There are two types of ‘famous’ for argument’s sake in this post. Those who go down in history and those who are famous in our current time. For no particular reason, I’m going to point out why neither one of those types of fame is worth aspiring for.

Going Down in the History Books

The only people who read history books, in any great quantity, are children, and only because we force them. Because children are lovable idiots, they don’t care about historical figures.

Adults have a better appreciation for historical figures, but since nobody is forcing us to read history books, we hardly ever think about them.

Key Takeaway: Even if you do make it into the history books, only snot-nosed kids are reading about you.

Most people who do make it into the history books are only remembered for a few hundred years. Those we do remember for longer, like Alexander the Great, are probably more myth than real humans.

If you thought of yourself as a nerdy, insecure, 5′ tall introvert—but history remembers you as one of the greatest conquerors ever—that would be weird.  It might not even feel special if you didn’t identify with that person.

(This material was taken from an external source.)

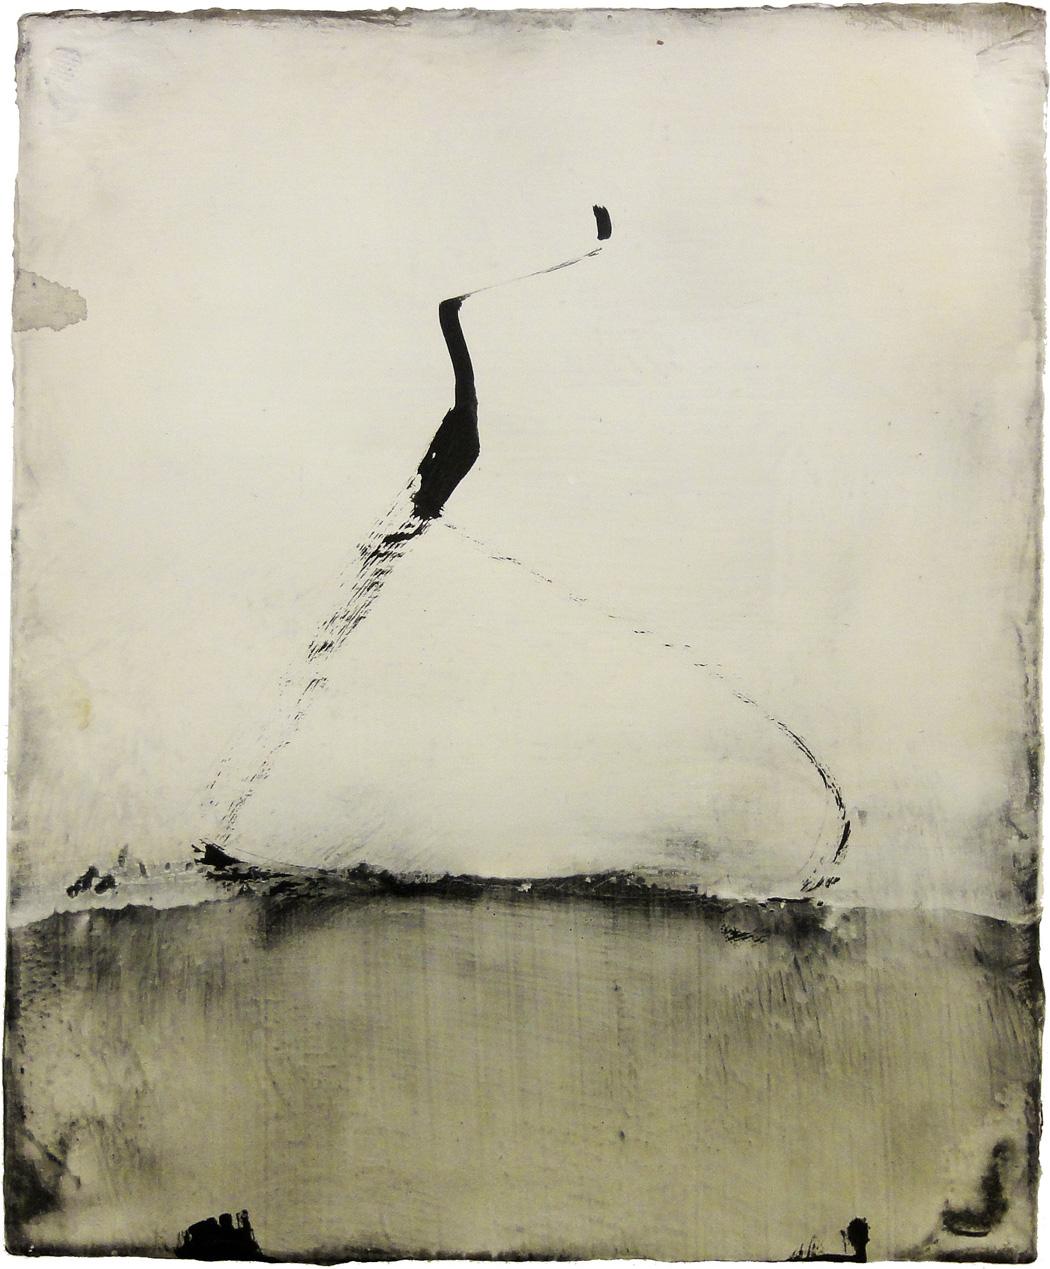 Hideaki Yamanobe_Klangassoziationen Form No. 125, 2015, Acryl-Mischtechnik auf LW, 28 x 23 cm
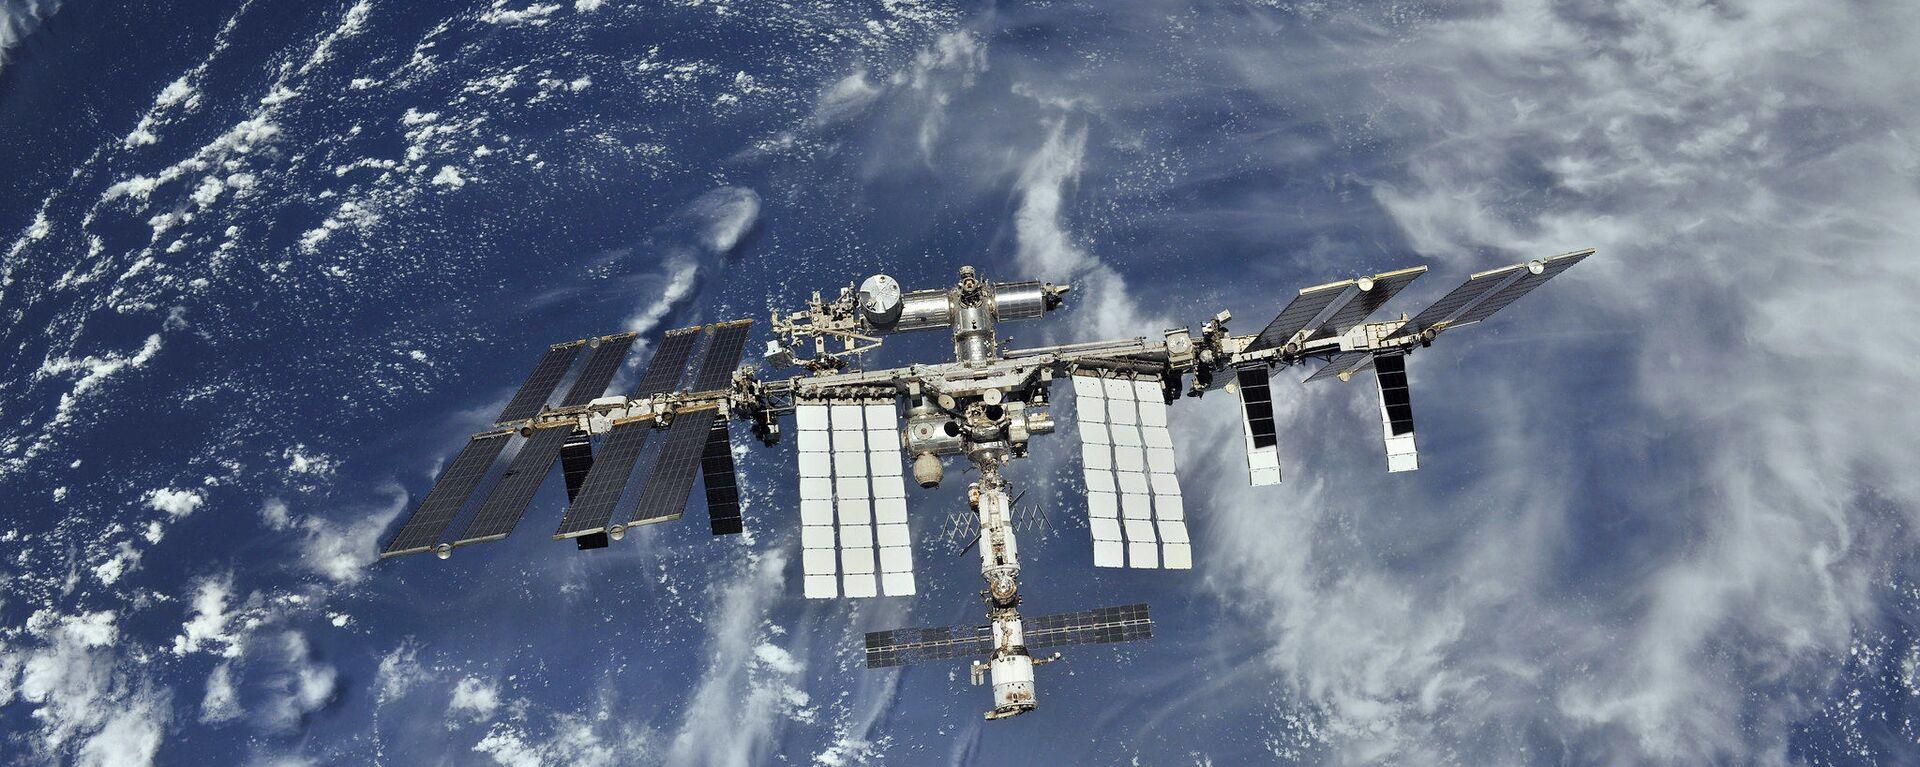 Estación Espacial Internacional (EEI) - Sputnik Mundo, 1920, 18.04.2021

Being remembered in the history books is among the rarest possible things a human can achieve. You probably have to be a combination of at least two of these to make it: lucky, kill a bunch of people, or be a real self-absorbed dick.  Or Jesus, you could be Jesus.  Other than that you’ll probably be forgotten pretty quickly after dying.

What About Being Famous in Your Own Time?

Kanye West is famous now, but I seriously doubt anyone will be talking about him in 300 years. His fame seems pretty temporary.

In exchange for that fame, he’s given up having the traditional human experience.  We all only get one life and for his life he can’t go to the grocery store without TMZ taking pictures of his mismatched sweats.  He can’t have dinner in public without countless fans bothering him for a selfie. That sounds awful.

Once you have enough money that money is no longer something you think about, it becomes a very poor trade.  Money just buys things. Would you trade all privacy—the inability to escape the microscope—just so you could buy things? And, that’s only for the lucky famous people who continue to have enough money to be able to buy whatever they want.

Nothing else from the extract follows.